Case Studies

Disclaimer: These are examples of how some clients used our services to obtain excellent returns on their investments. They are examples only and similar results cannot be guaranteed.

Wealth creation – Mr and Mrs S.

Nest egg

They were both in their mid 40s when they came and saw us five years ago. They were concerned that they didn't have enough money in their superannuation funds for their retirement and they were looking to save $10,000 per annum in some way, and we had a 15 year time frame.

We discussed many issues in relation to wealth creation, including wealth protection, estate planning and importantly budgeting.

Once we implemented the above it left them with $4500 p.a. to place entirely into growth assets. This was, in their case, invested directly into the share market (they couldnt buy a property with this small amount of money!!) and they were concerned with the result. It would only be worth $159,700.

We therefore discussed leverage, the use of someone elses money to make money, and after explaining fully the risks they were happy to proceed.

The owned a home valued at $220,000 in The Gap and owed $60,000 against this.

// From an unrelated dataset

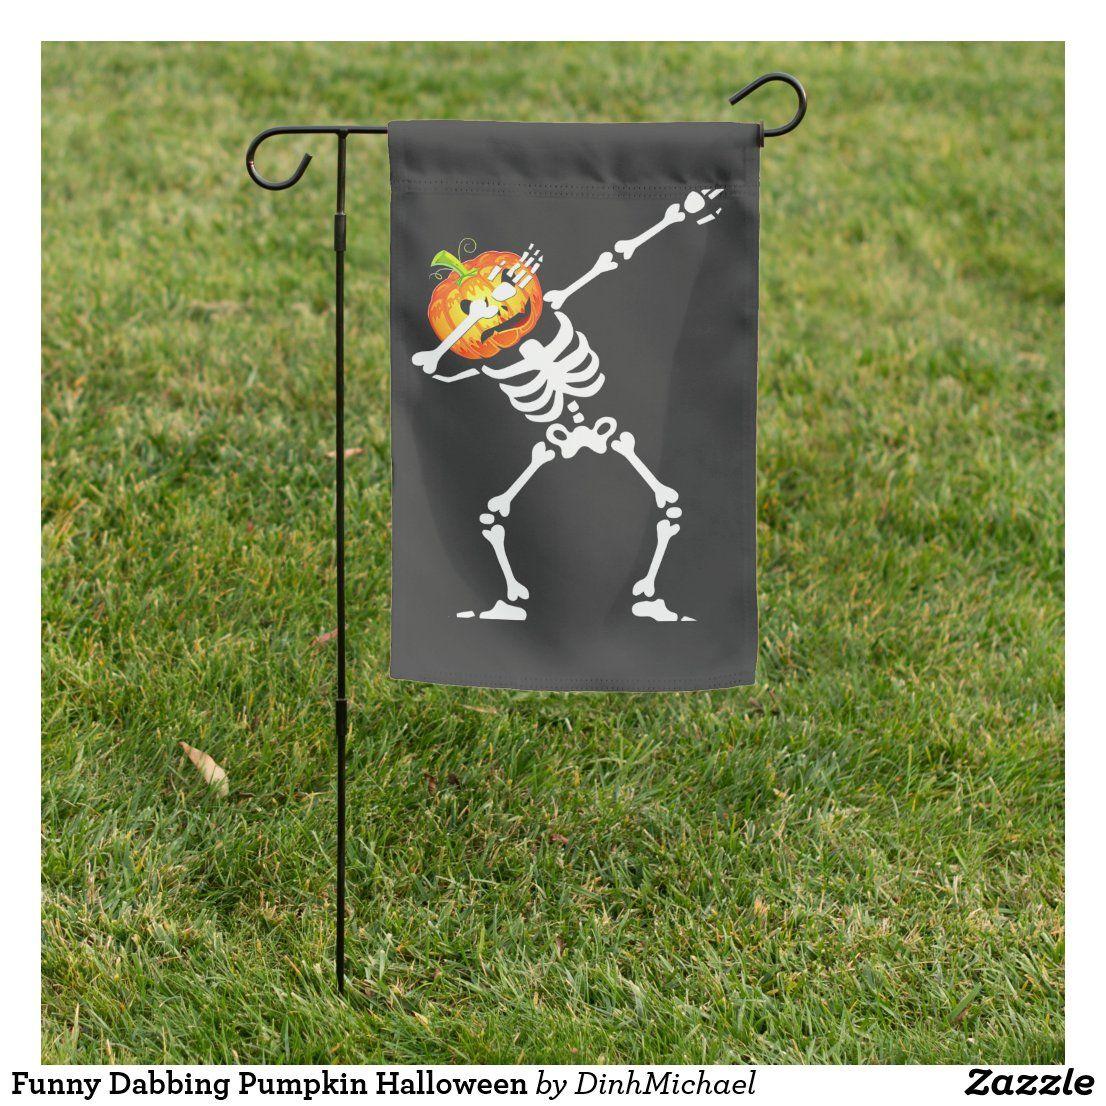 Funny Dabbing Pumpkin Halloween Garden Flag Zazzle Com Halloween Garden Flag Halloween Garden Halloween Pumpkins

We obtained a CALIA+ loan and borrowed $116,000 interest only for them to use for investment.

We discussed in detail dollar cost averaging and this was the strategy we were to implement to take advantage of fluctuations in the share market.

We invested an initial $50,000 from this loan. They matched this investment with the margin loan component of $50,000. From day one, they had $100,000 in the market.

Each month we drew a further $2000 from their line of credit and this was also matched by the margin loan by $2000.

As part of our service we offer a periodic review of the clients portfolio, and as this strategy cannot continue infinitum, it becomes imperative that this be undertaken.

In year three, during our normal review, we discussed the fact that they were getting close to their limit in the investment loan, so we undertook a revaluation of their home and increased their facility to $188,000. At this time we boosted the investment by another $10,000 and this once again was matched by the margin loan. The $2000 per month continued.

Recently in their normal review we again revalued the property and extended their line of credit to $228,000 – however at this time we also stopped all contributions – this extension just provides and level of comfort or risk minimisation for the whole process.

The projections (and these cannot be relied upon, no one has a crystal ball) shows that in the remaining 10 years of the plans life:

  1. It will become cash neutral in year eight, i.e. the after tax costs will be nil.
  2. The maximum after tax cost was $350 per month in year 4. Or only $4200 pa.
  3. The value is expected to be $866,834 or $506,834 net of the outstanding loans.
  4. Or $347,000 more than saving alone.

It should also be mentioned that during the stock market crash after September 11, the clients did not receive a margin call (none of our clients did!!) as we only gear to a level of 50%, the market has to fall a very long way to be effected at this level. And during this time the clients continued to invest, although with some hesitation, and because of 'dollar cost averaging', they are well ahead of their expected portfolio value at this time.

The next step for these clients is to take advantage of the superannuation laws and increase what they have in this investment.